3
votes

I want to do a full Scan on hbase from Spark 2 using Scala.

I don't have a fixed catalog definition so libraries as SHC are not an option.

My logical choice was to use hbase-spark, that is working fine in Spark 1.6

In addition to the poor documentation about this library in previous versions, my surprise has been when checking the last HBase releasees, for example tag 2.0, hbase-spark is gone! but still in the master.

So my questions are:

  • Where is the hbase-spark module for the last releases?
  • Where can I find a hbase-spark version compatible with Spark 2?

thx!

2

2 Answers

1
votes

Seems hbase-spark module was removed from the hbase project for v2.0 release

https://issues.apache.org/jira/browse/HBASE-18817

0
votes

@bp2010 already answered part of the question.

Regarding the HBase Spark see below. It works with spark 2.

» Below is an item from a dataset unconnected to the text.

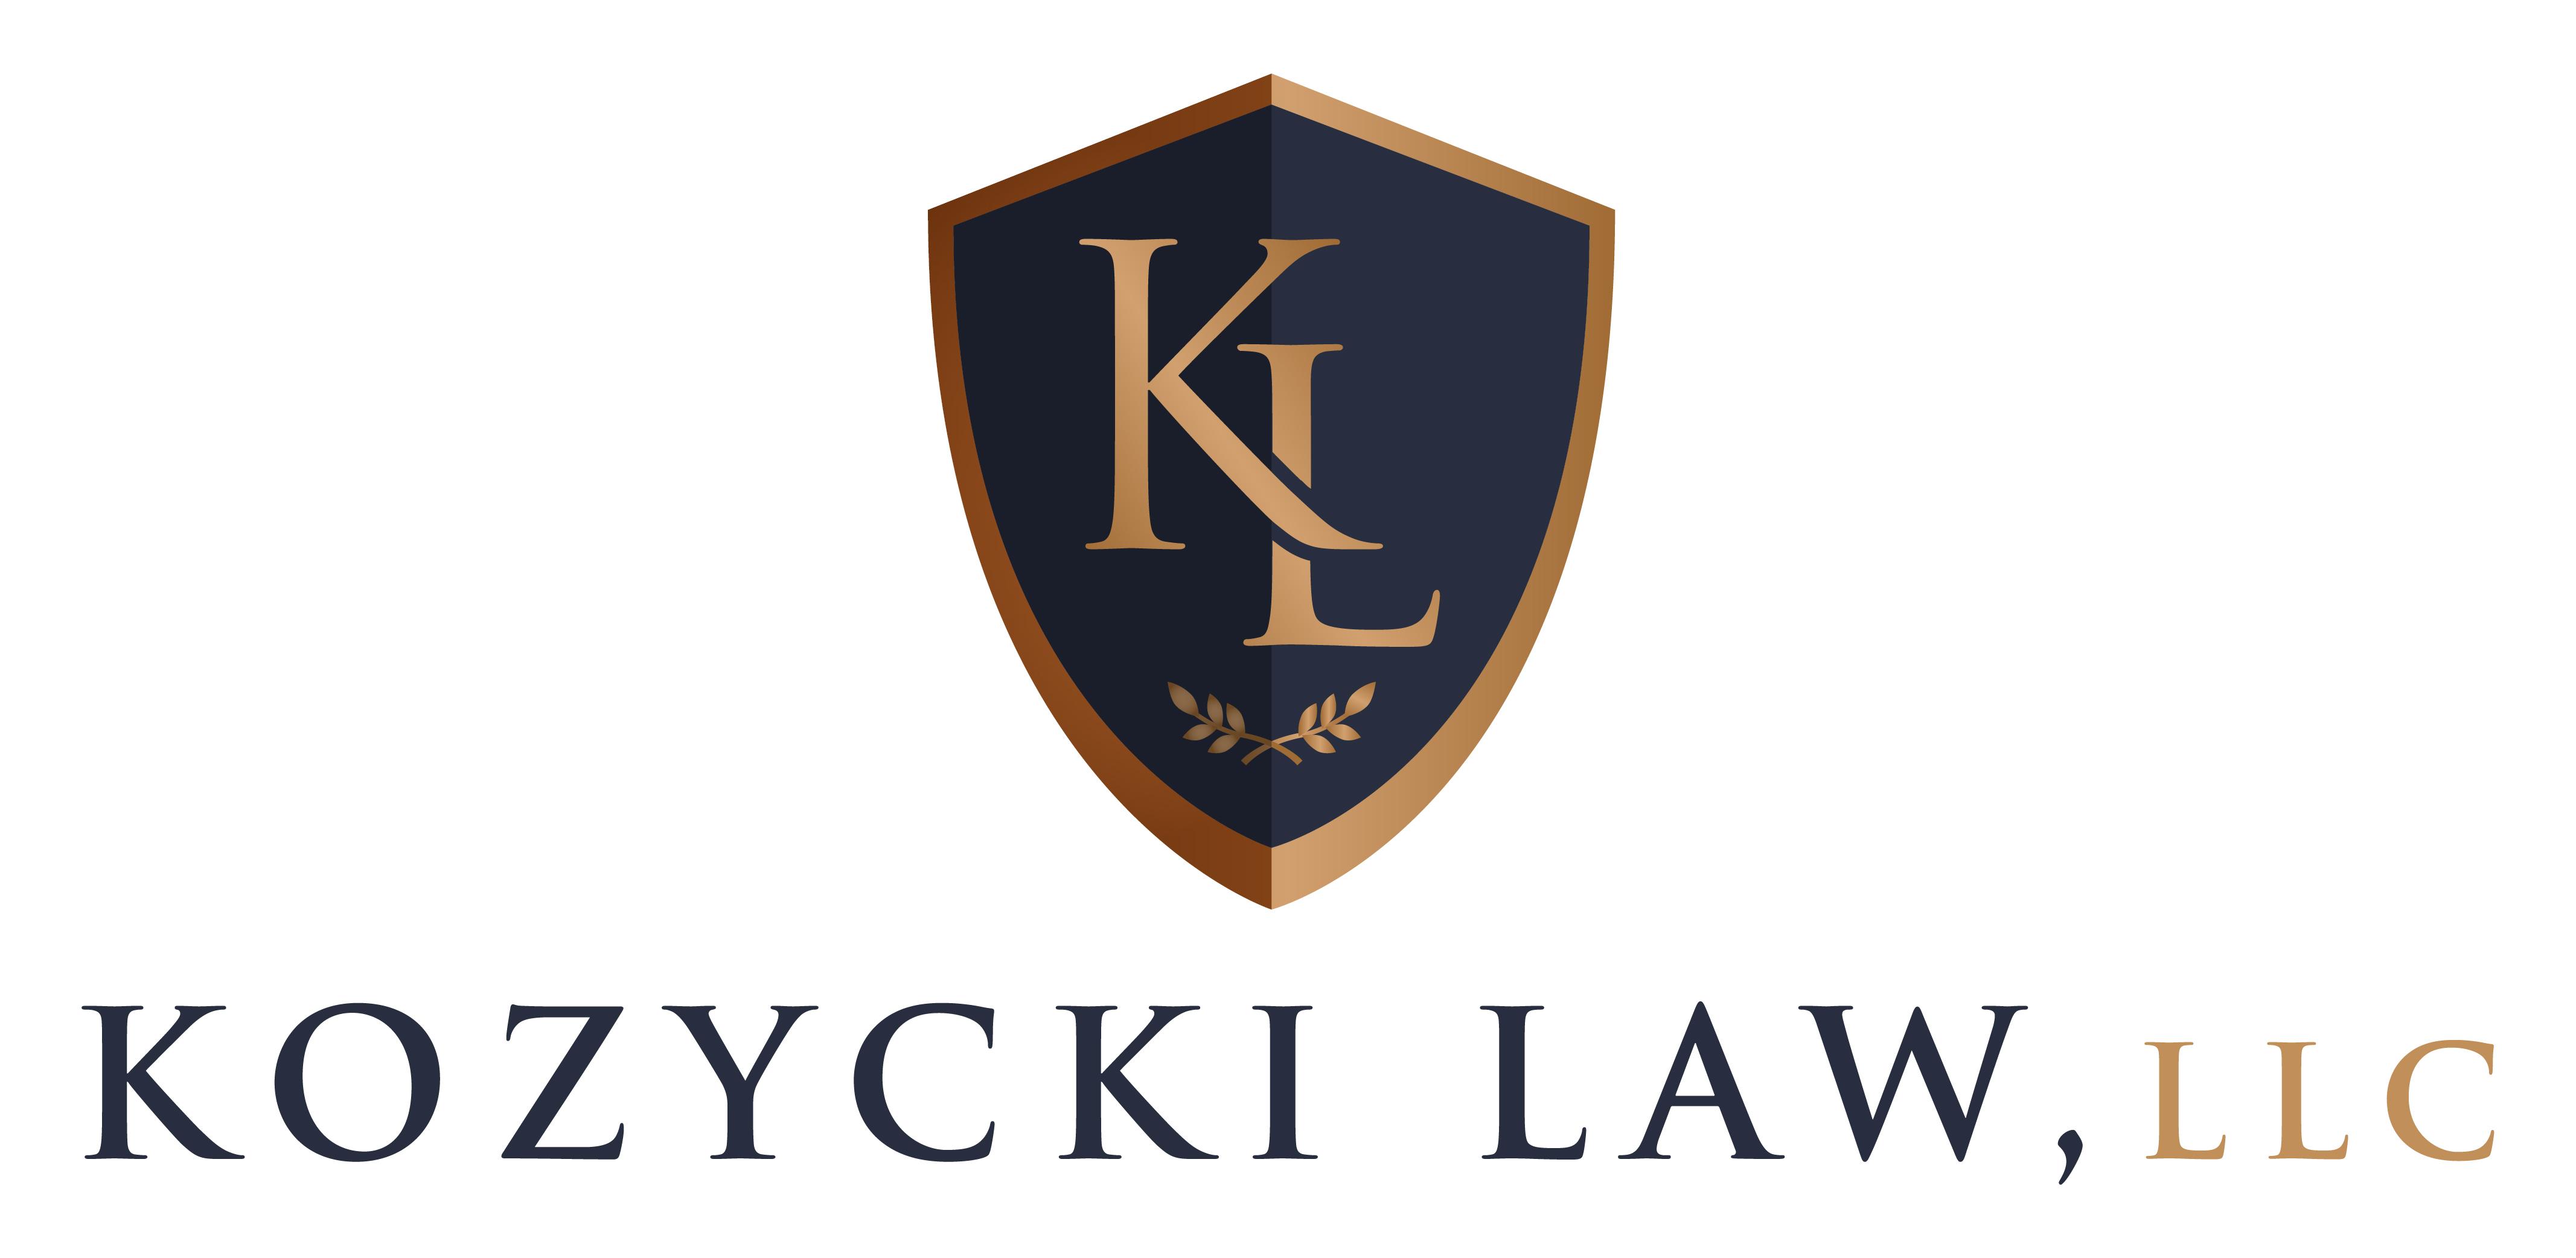 Kozycki Law

There are some options that don't demand a fixed catalog from client code:

  1. HBase Spark Source code with examples are here: https://github.com/apache/hbase-connectors/tree/master/spark/hbase-spark Here you can see explanations about the repositories: https://github.com/apache/hbase-connectors/tree/master/spark/hbase-spark

  2. Apache Phoenix Spark connector https://phoenix.apache.org/phoenix_spark.html

I'm not sure if it helps you, since the table must be mapped to a Phoenix table. If you have Phoenix, and you problem is writing the catalog from code, but you can standardize types in HBase Table, for a full scan this can be the way to go. Otherwise, go with option 1.